• _PROMPT_
Leave out the pictures and retype, exactly, the lines below from the line with "Top 5 Tech CEOs" up to and including the line with "1950s, historical, 'Visit", nothing more.

• _MATERIALS PROVIDED_
──────

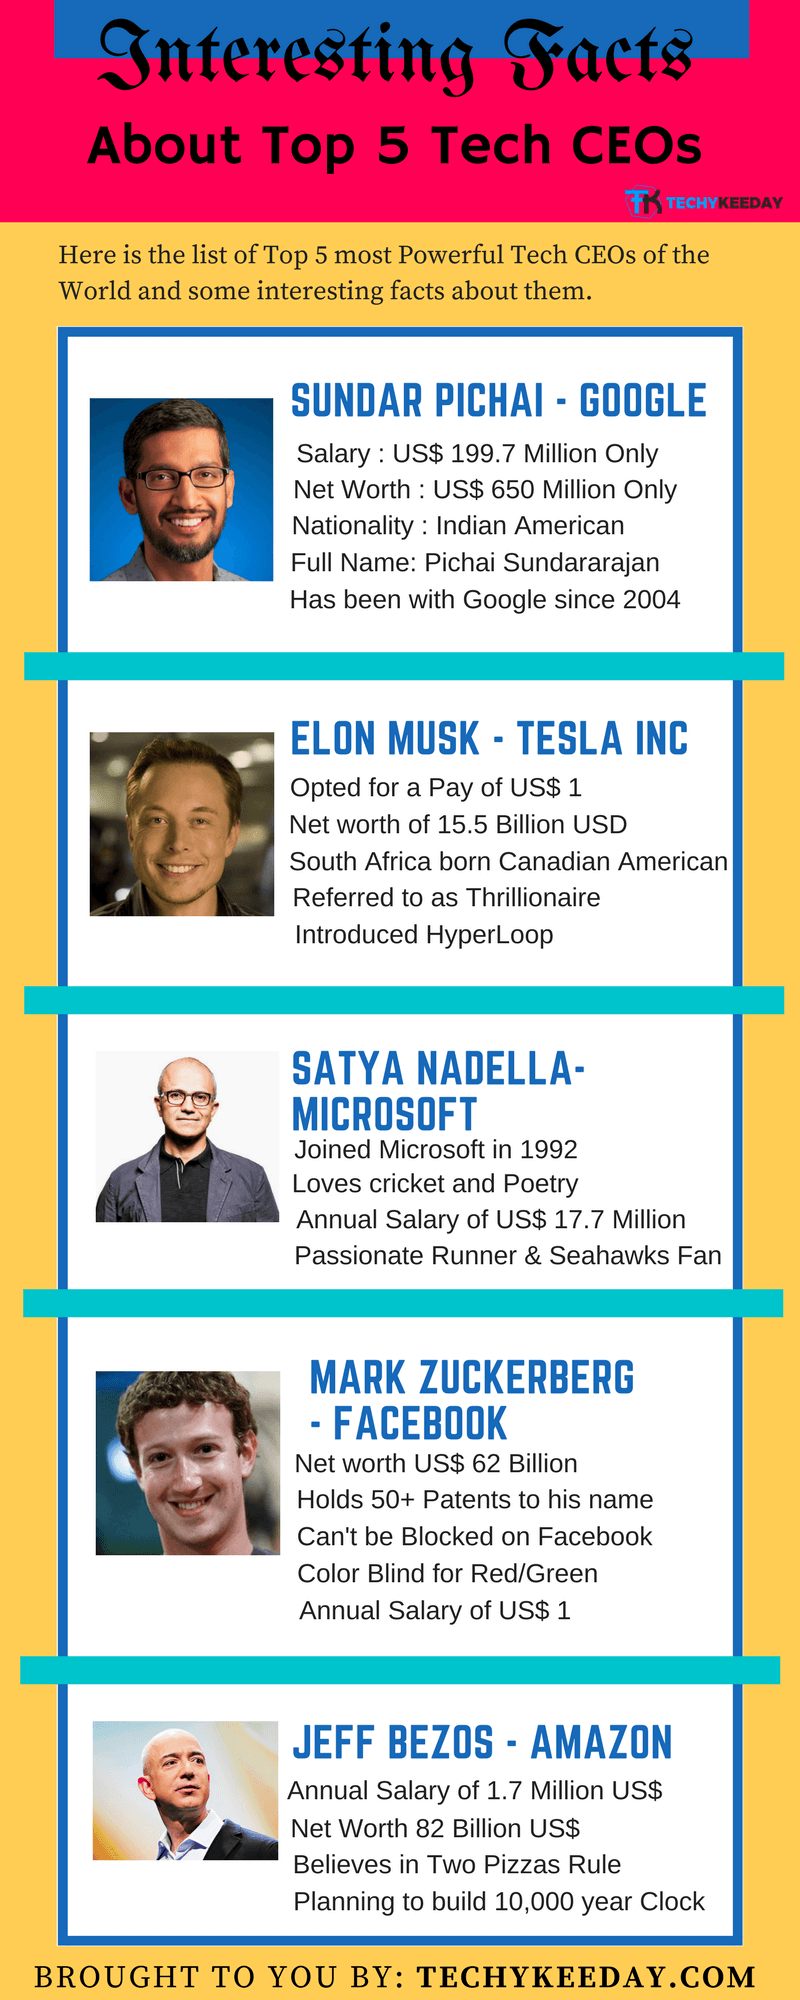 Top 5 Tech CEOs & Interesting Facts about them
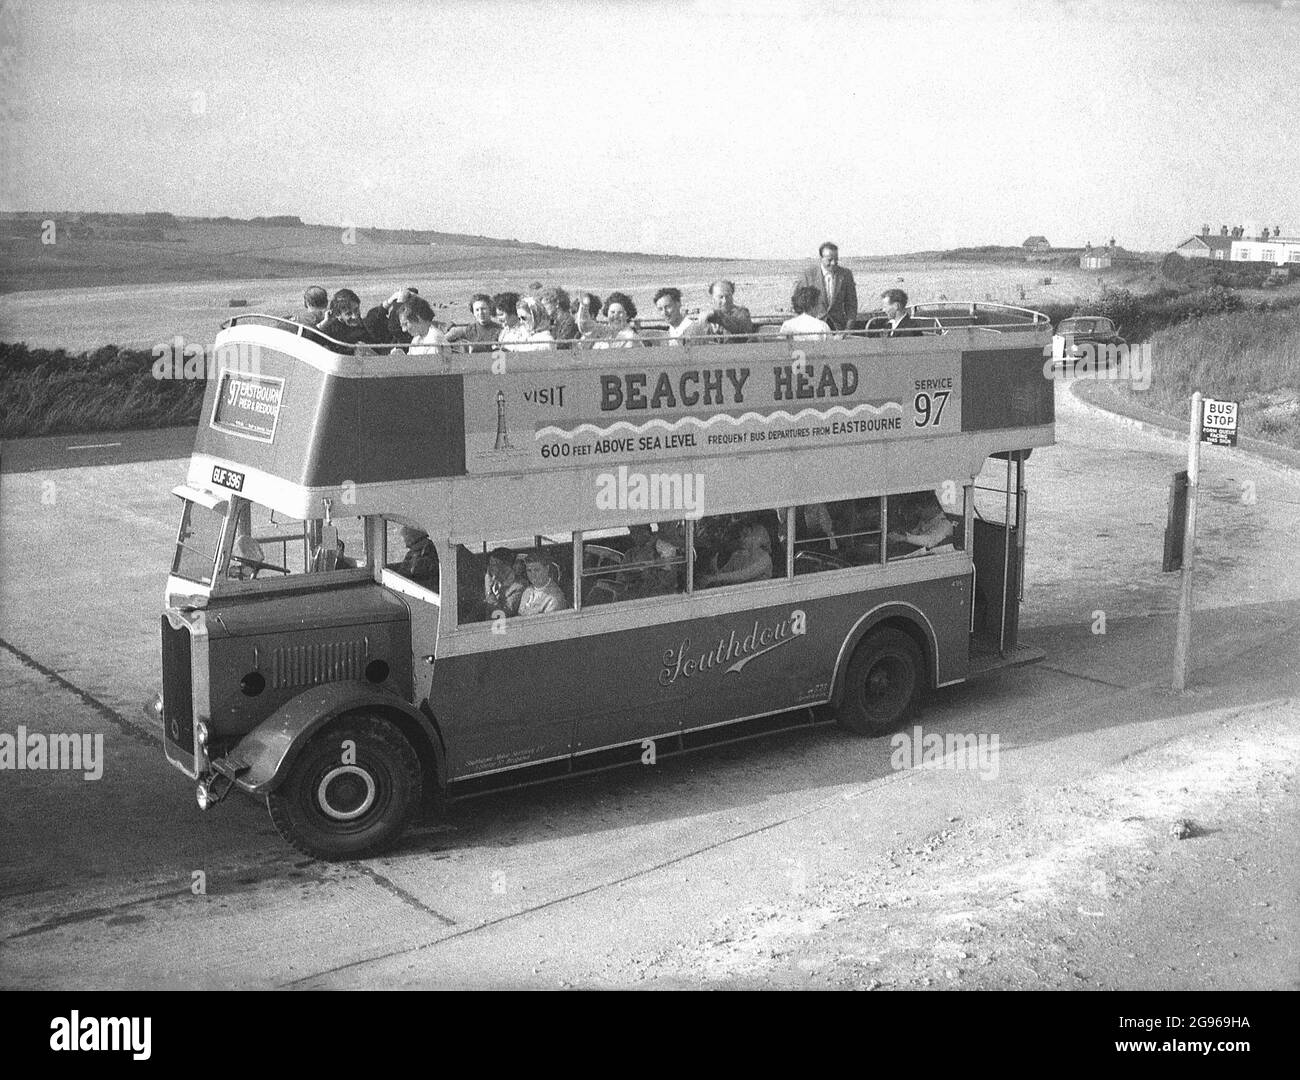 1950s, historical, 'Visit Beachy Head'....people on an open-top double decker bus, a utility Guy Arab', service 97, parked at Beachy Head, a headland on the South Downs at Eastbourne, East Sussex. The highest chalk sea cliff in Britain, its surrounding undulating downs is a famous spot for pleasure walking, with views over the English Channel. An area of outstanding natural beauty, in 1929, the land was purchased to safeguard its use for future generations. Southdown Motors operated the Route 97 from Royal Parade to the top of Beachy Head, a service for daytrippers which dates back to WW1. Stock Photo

──────

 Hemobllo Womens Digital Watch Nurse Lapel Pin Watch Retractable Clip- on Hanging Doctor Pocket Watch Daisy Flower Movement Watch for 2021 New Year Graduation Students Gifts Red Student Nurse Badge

──────

• _TASK SOLUTION_
 Top 5 Tech CEOs & Interesting Facts about them
 1950s, historical, 'Visit Beachy Head'....people on an open-top double decker bus, a utility Guy Arab', service 97, parked at Beachy Head, a headland on the South Downs at Eastbourne, East Sussex. The highest chalk sea cliff in Britain, its surrounding undulating downs is a famous spot for pleasure walking, with views over the English Channel. An area of outstanding natural beauty, in 1929, the land was purchased to safeguard its use for future generations. Southdown Motors operated the Route 97 from Royal Parade to the top of Beachy Head, a service for daytrippers which dates back to WW1. Stock Photo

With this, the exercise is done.